Search Platform/Weekly Updates/2024-02-23

From Wikitech

Summary

We are in the deployment phase of our multilingual zero-result rate improvements. The new elasticsearch plugins are deployed, the new configuration is ready. Once the configuration is deployed, we will need to reindex all wikis (which takes 2-3 weeks) and analyze the improvements.

We are in active conversation with people from Scholia around the WDQS graph split. The discussions are constructive, but we are identifying major impacts to Scholia queries. Some we might be able to resolve, some we might not. In particular, the authors and scholarly articles are on different graphs, which makes some queries complex and expensive to run. Scholia is not only about scholarly articles, but about other types of papers, which now need to be treated differently.
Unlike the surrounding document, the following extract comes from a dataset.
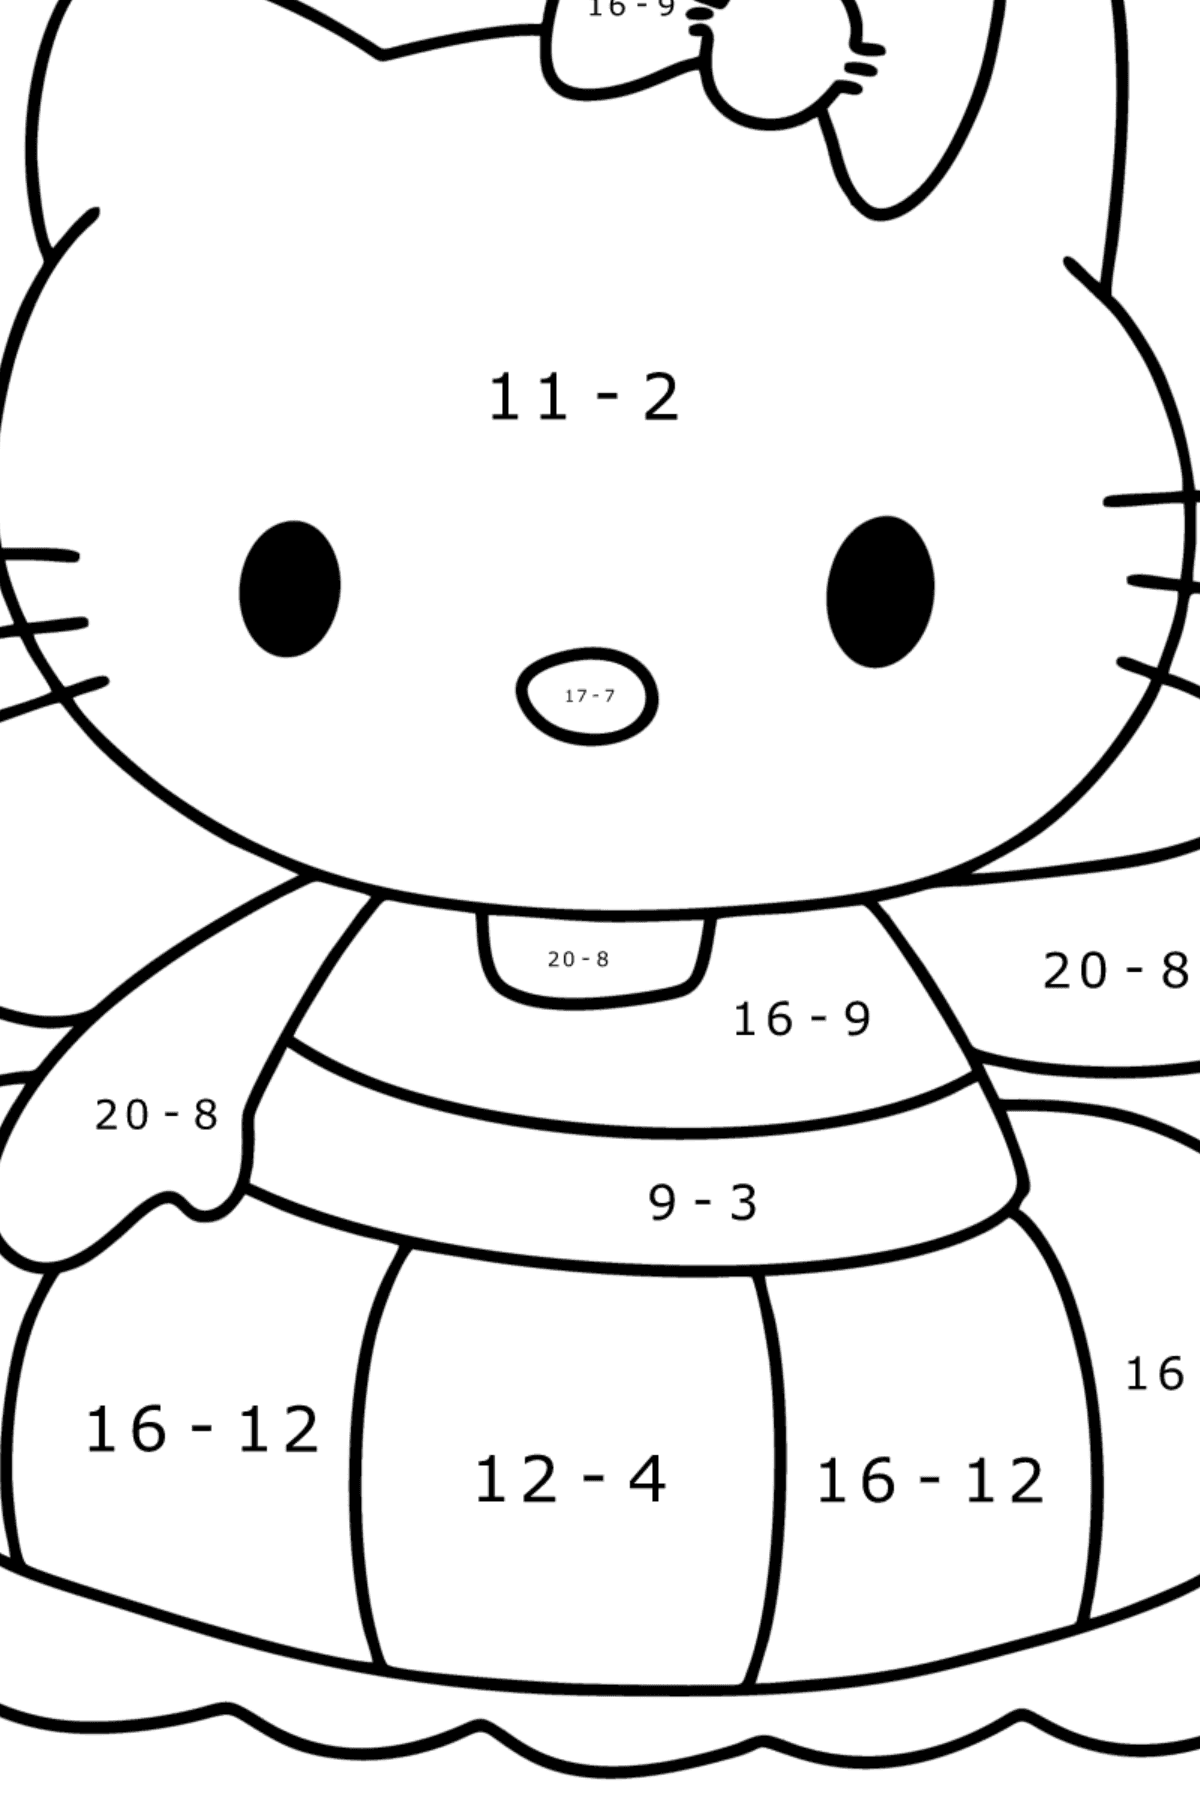 Boyama sayfası Hello Kitty yüzer - Matematik Boyama - Çıkarma çocuklar için

This conversation and investigation needs to continue.

What we've accomplished

Improve multilingual zero-results rate

WDQS graph splitting

  • Meeting with Daniel Mietchen and Lane Raspberry
    • Agreed to have regular meetings
    • Still some questions about why we're doing this and what problem we try to solve
    • Question regarding what is wikidata, is it only a wdqs problem or should wikidata stop accepting some data and ask communities to use another hosting solution

more notes: https://etherpad.wikimedia.org/p/wdqs-graph-split-2024-02-15-1

Operations

  • backfill w[dc]qs reconciliation dag after a failure of the canary events system, deployed a quick patch to stop creating this dag dynamically and sense both DC partitions via a single sensor, should decouple the use of the wmf_conf.eventgate_datacenters var in airflow that was set to codfw only to workaround the canary event issue (which I reverted batch ["eqiad", "codfw"] to do the backfill).
    • We might expect some turbulences during the upcoming dc switch (march 19), DE might still rely on a manual switch of that config var in airflow.